### WHAT THE TASK REQUIRES:
The copy should hold only the line containing "Mile End Road, UK, Vine Architecture Studio" and the lines after it through the end of the material, each exact, with no pictures.

### GIVEN INFORMATION:

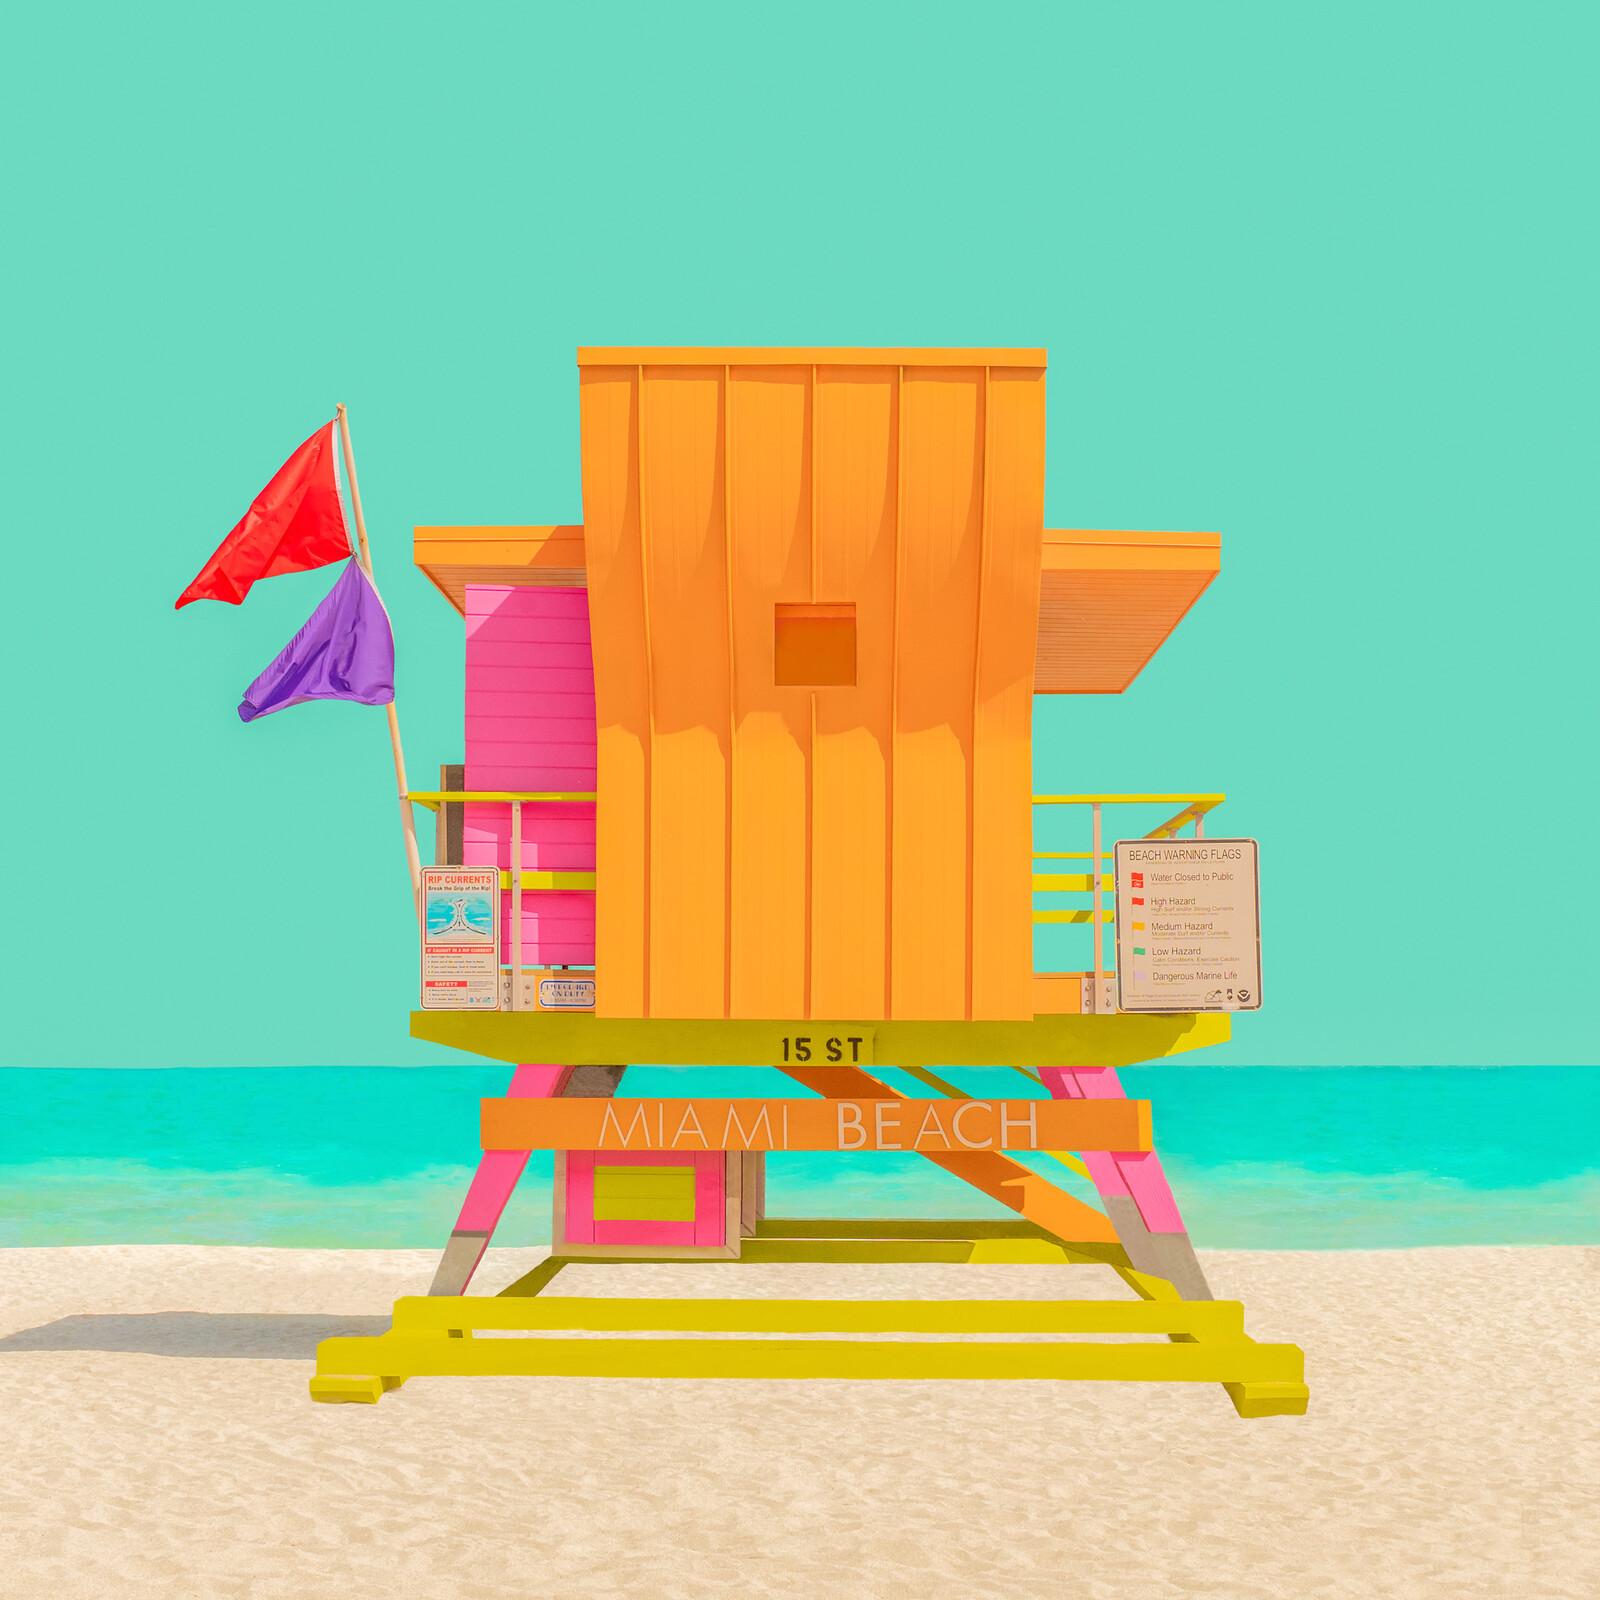 The Modern Paradise - Miami Beach 4 - Mijoo Kim & Minjin Kang
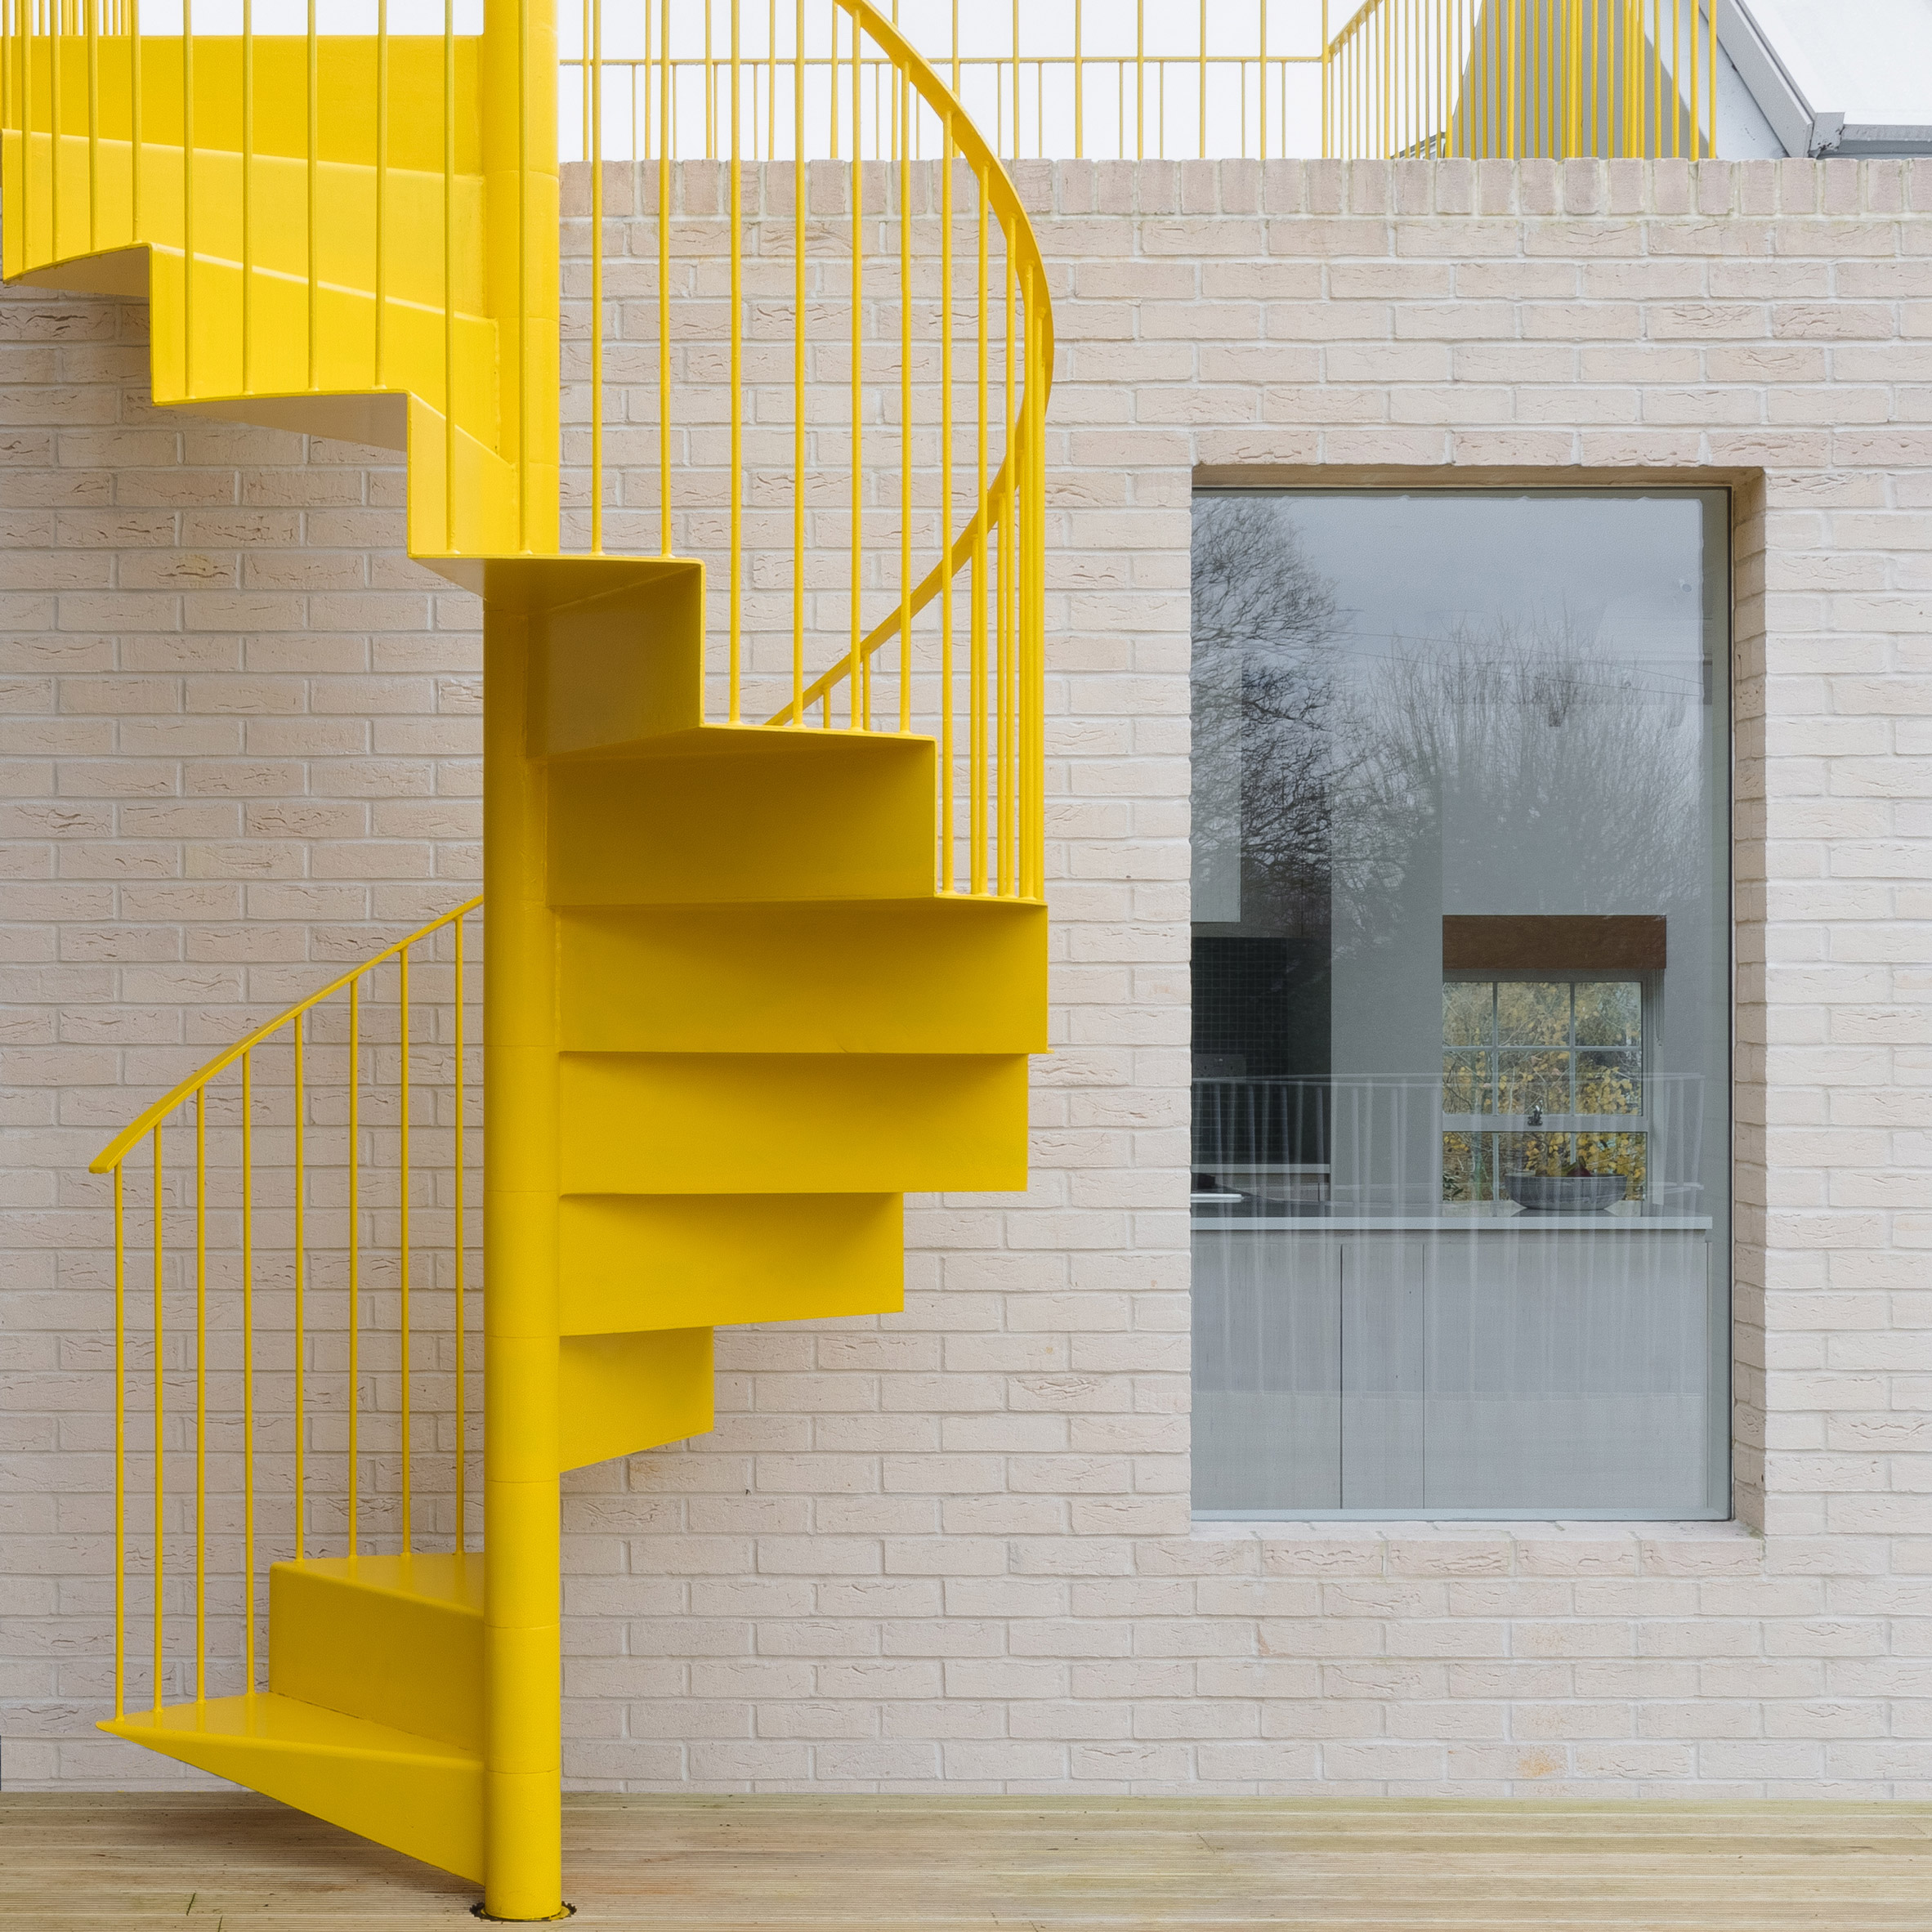 Mile End Road, UK, Vine Architecture Studio
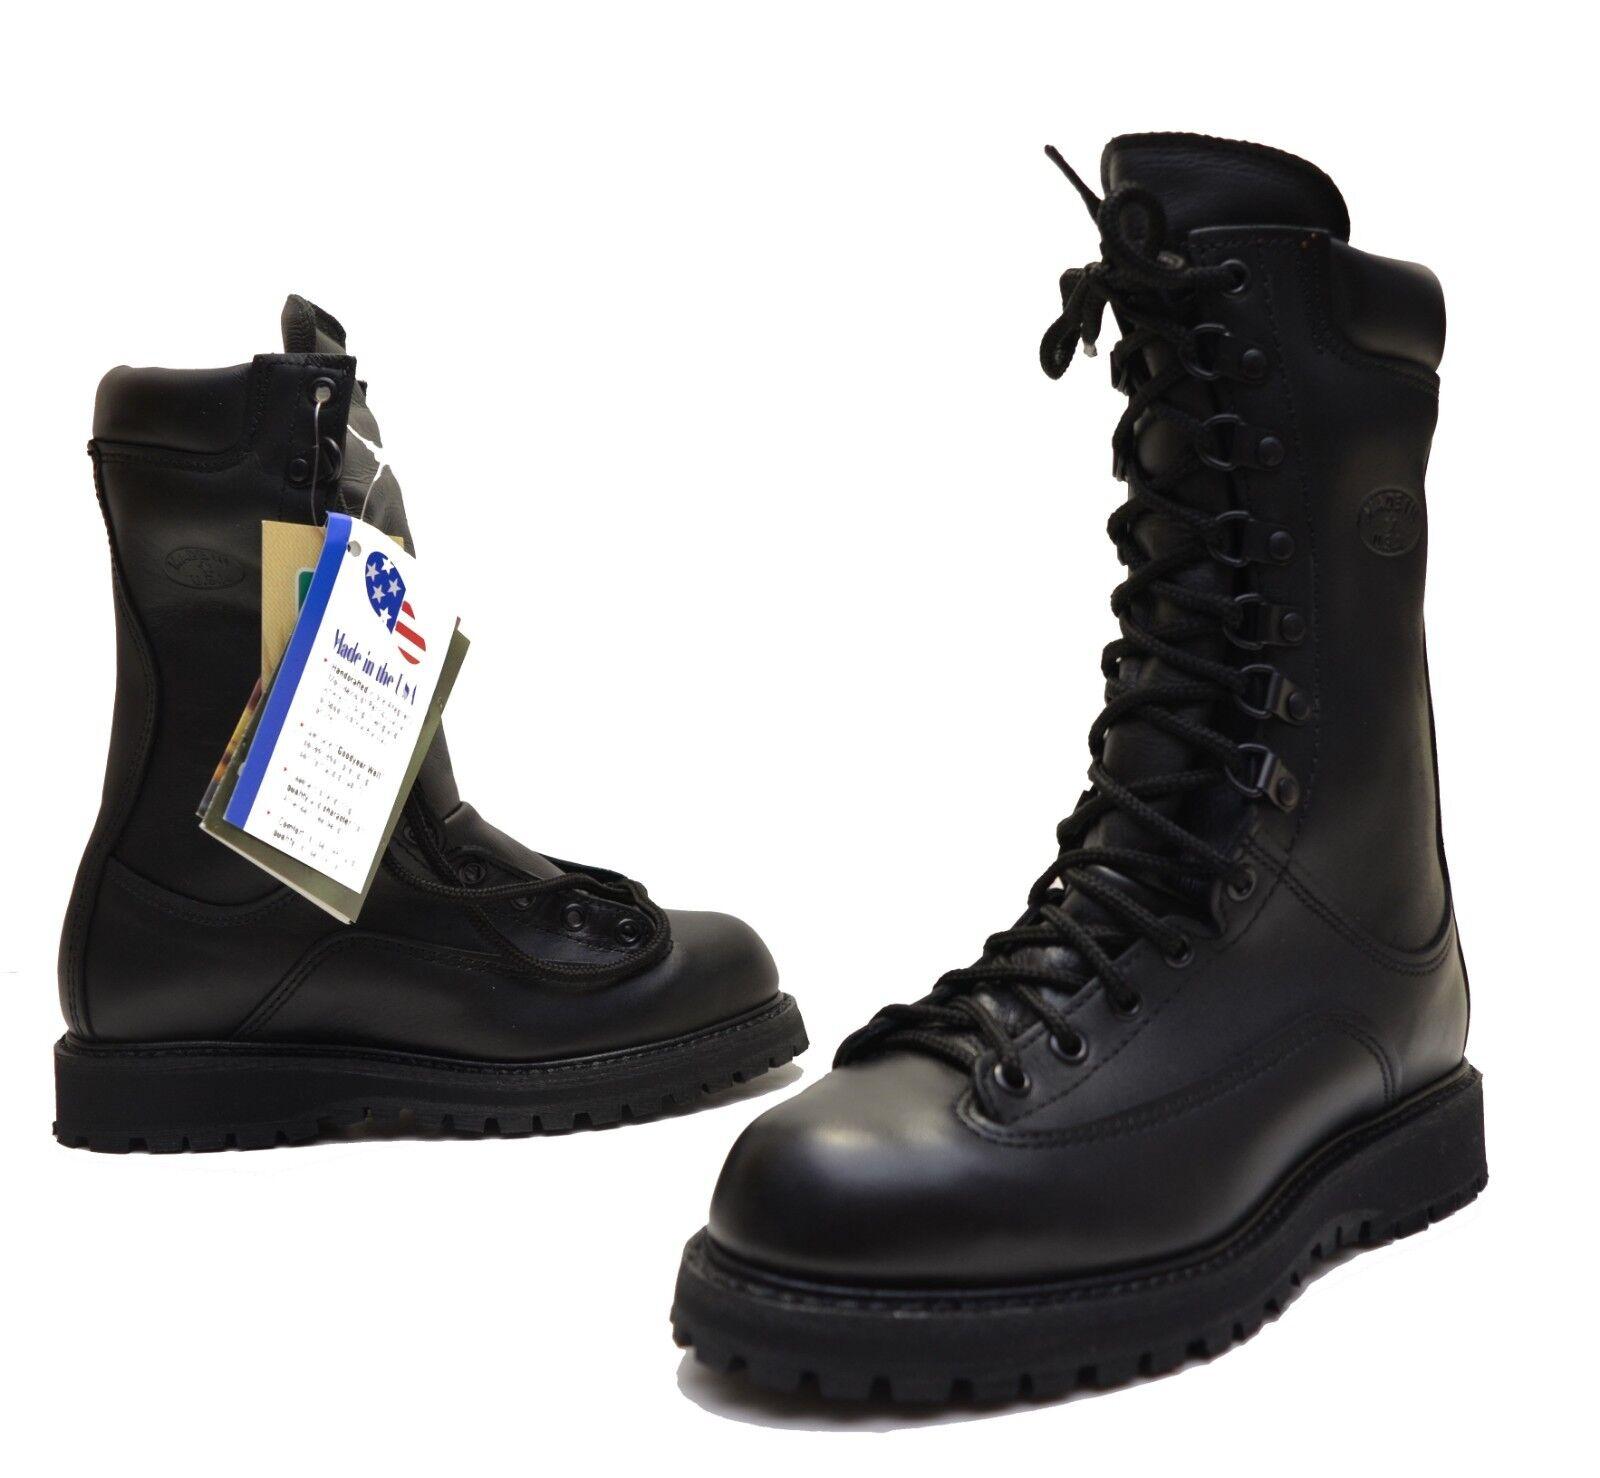 Matterhorn Model 1950 Boots 6.5 W - Gore Tex - Black Leather Insulated Field

### RESULT OF THE TASK:
 Mile End Road, UK, Vine Architecture Studio
 Matterhorn Model 1950 Boots 6.5 W - Gore Tex - Black Leather Insulated Field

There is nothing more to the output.